My biggest concern is that something I've seen over and over again
in my career will happen again:
People tend to jump at the _slightest_ excuse to believe a story
that will save them short term money and resist even _strong_
reasons to pay up front for quality. Even if paying more up front
would lower their lifetime TCO.
on the other hand, it's easy for people to blow $bigbucks with this
argument with no significant reduction in their maintinance costs.
No argument there. My comments on people putting up with price
gouging should make clear my position on overspending.
The Google and CMU studies are =not= based on data drawn from
businesses where the lesser consequences of an outage are losing
$10Ks or $100K per minute... ...and where the greater consequences
include the chance of loss of human life.
Nor are they based on businesses that must rely exclusively on
highly skilled and therefore expensive labor.
hmm, I didn't see the CMU study document what businesses it used.
Section 2.3: Data Sources, p3-4.
3 HPC clusters, each described as "The applications running on this
system are typically large-scale scientific simulations or
visualization applications. +
3 ISPs, 1 HW failure log, 1 warranty service log of hardware
failures, and 1 exclusively FC HD set based on 4 different kinds of FC HDs.
In the case of the CMU study, people are even extrapolating an
economic conclusion the original author did not even make or intend!
Is it any wonder I'm expressing concern regarding inappropriate
extrapolation of those studies?
I missed the posts where people were extrapolating economic
conclusions, what I saw was people stateing that 'you better buy the
SCSI drives as they are more reliable', and other people pointing
out that recent studies indicate that there's not a significant
difference in drive reliability between the two types of drives
The original poster asked a simple question regarding 8 SCSI HDs vs
24 SATA HDs. That question was answered definitively some posts ago
(use 24 SATA HDs).
Once this thread started talking about the Google and CMU studies, it
expanded beyond the OPs original SCSI vs SATA question.
(else why are we including FC and other issues in our considerations
as in the CMU study?)
We seem to have evolved to
"Does paying more for enterprise class HDs vs consumer class HDs
result in enough of a quality difference to be worth it?"
To analyze that question, the only two HD metrics that should be
considered are
1= whether the vendor rates the HD as "enterprise" or not, and
2= the length of the warranty on the HD in question.
Otherwise, one risks clouding the analysis due to the costs of the
interface used.
(there are plenty of non HD metrics that need to be considered to
examine the issue properly.)
The CMU study was not examining any economic issue, and therefore to
draw an economic conclusion from it is questionable.
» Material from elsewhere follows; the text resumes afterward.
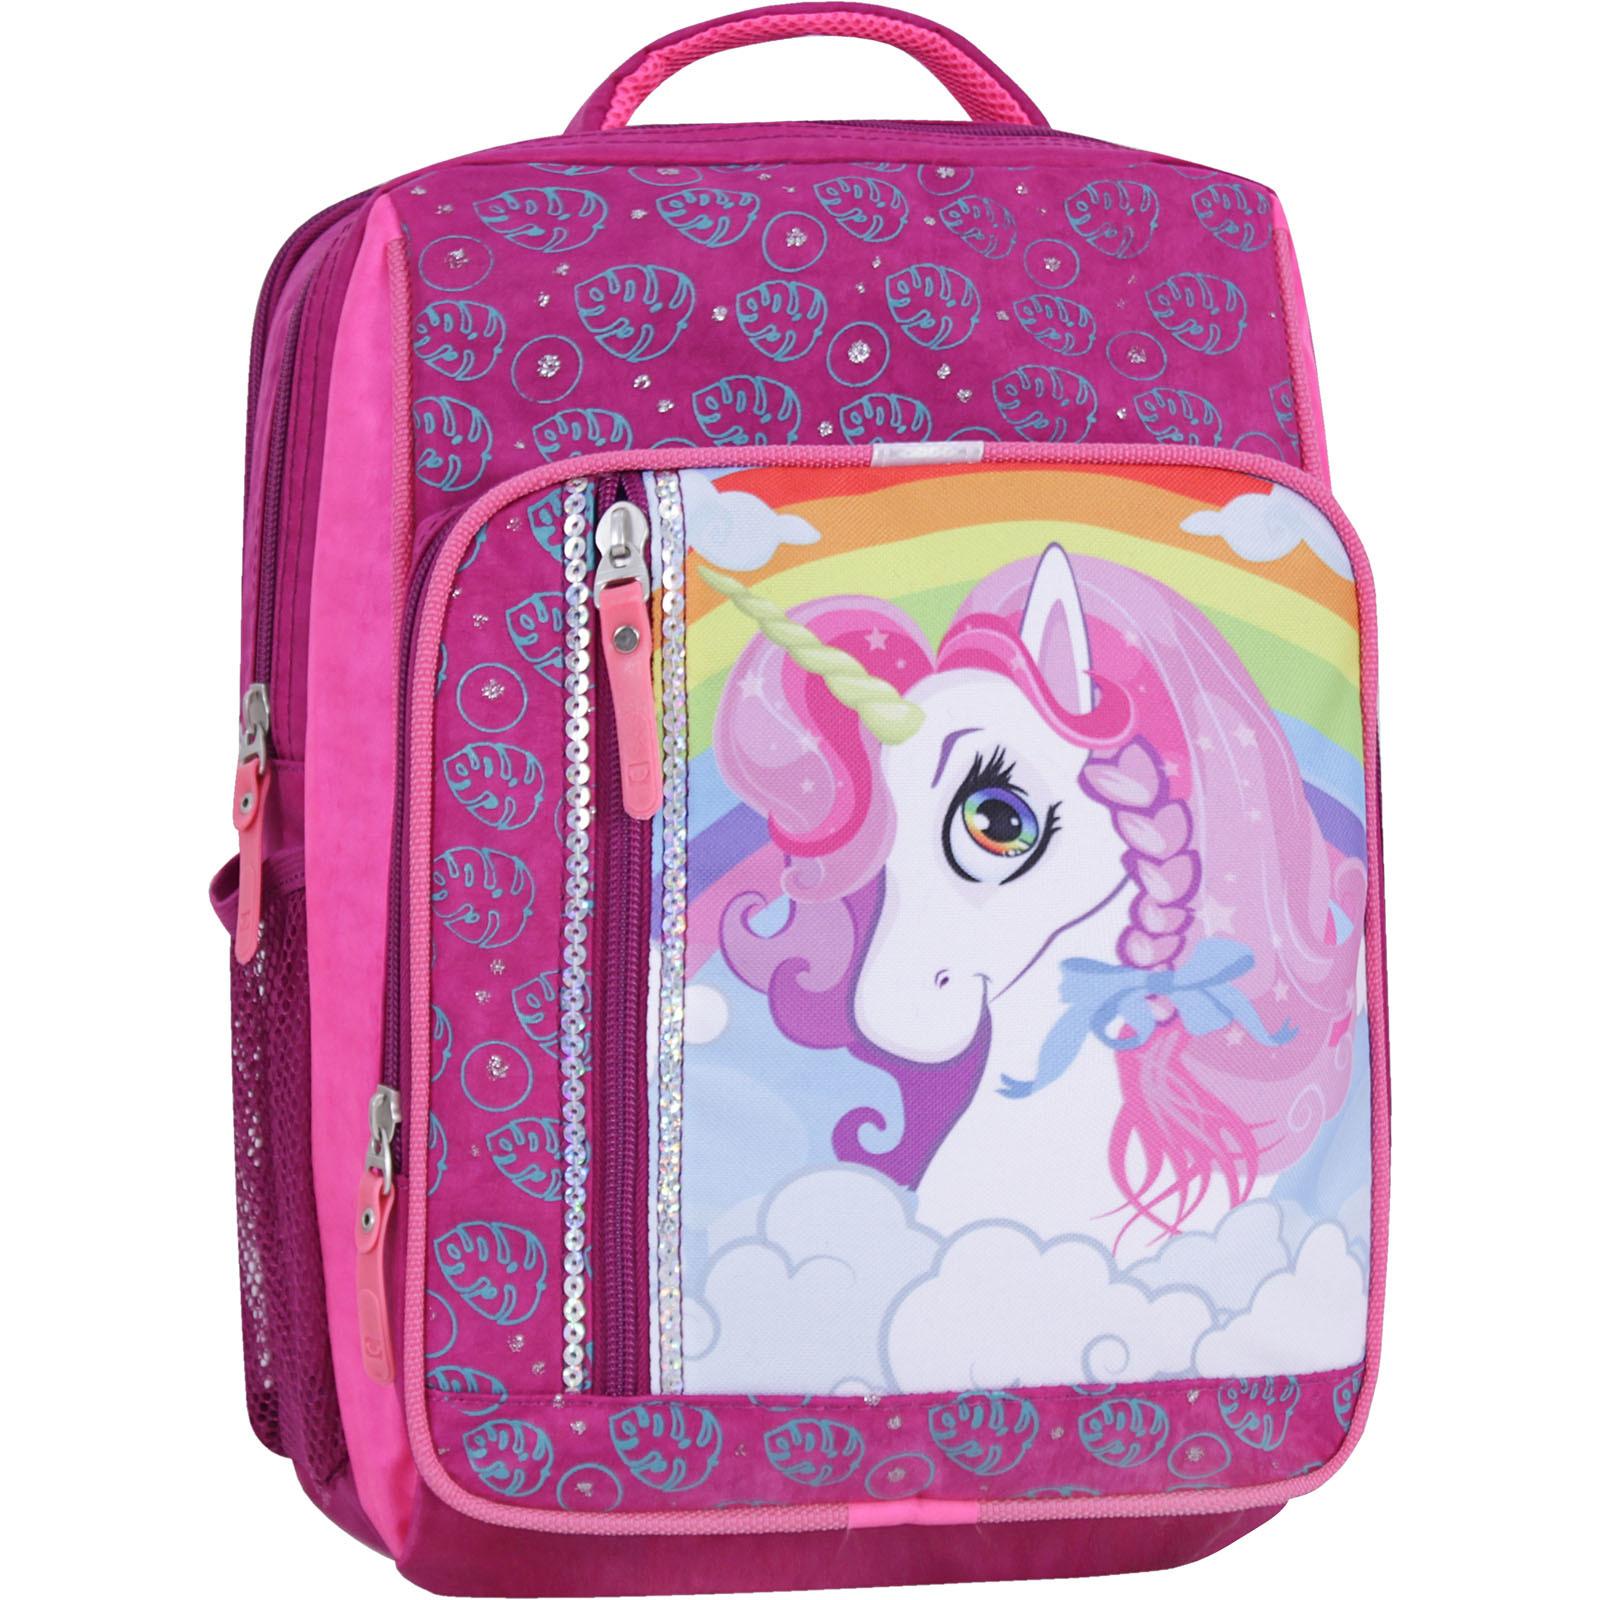 Школьные рюкзаки Рюкзак школьный Bagland Школьник 8 л. 143 малиновый 676 (0012870) IMG_2759_суб.767_-1600.jpg

The CMU study was about whether the industry standard failure model
matched empirical historical evidence.
Using the CMU study for any other purpose risks misjudgment.
Let's pretend =You= get to build Citibank's or Humana's next
mission critical production DBMS using exclusively HDs with 1 year warranties.
(never would be allowed ITRW)
who is arguing that you should use drives with 1 year warranties? in
case you blinked consumer drive warranties are backup to 5 years.
As Josh Drake has since posted, they are not (although TBF most seem
to be greater than 1 year at this point).
So can I safely assume that we have agreement that you would not
advise using HDs with less than 5 year warranties for any DBMS?
If so, the only debate point left is whether there is a meaningful
distinction between HDs rated as "enterprise class" vs others by the
same vendor within the same generation.
Even if you RAID 6 them, I'll bet you anything that a system with
32+ HDs on it is likely enough to spend a high enough percentage of
its time operating in degraded mode that you are likely to be
looking for a job as a consequence of such a decision.
...and if you actually suffer data loss or, worse, data corruption,
that's a Career Killing Move.
(and it should be given the likely consequences to the public of
such a F* up).
so now it's "nobody got fired for buying SCSI?"
|
Again, we are way past simply SCSI vs SATA interfaces issues and well
into more fundamental issues of HD quality and price.
Let's bear in mind that SCSI is =a legacy technology=. Seagate will
cease making all SCSI HDs in 2007. The SCSI standard has been
stagnant and obsolescent for years. Frankly, the failure of the FC
vendors to come out with 10Gb FC in a timely fashion has probably
killed that interface as well.
The future is most likely SATA vs SAS. =Those= are most likely the
relevant long-term technologies in this discussion.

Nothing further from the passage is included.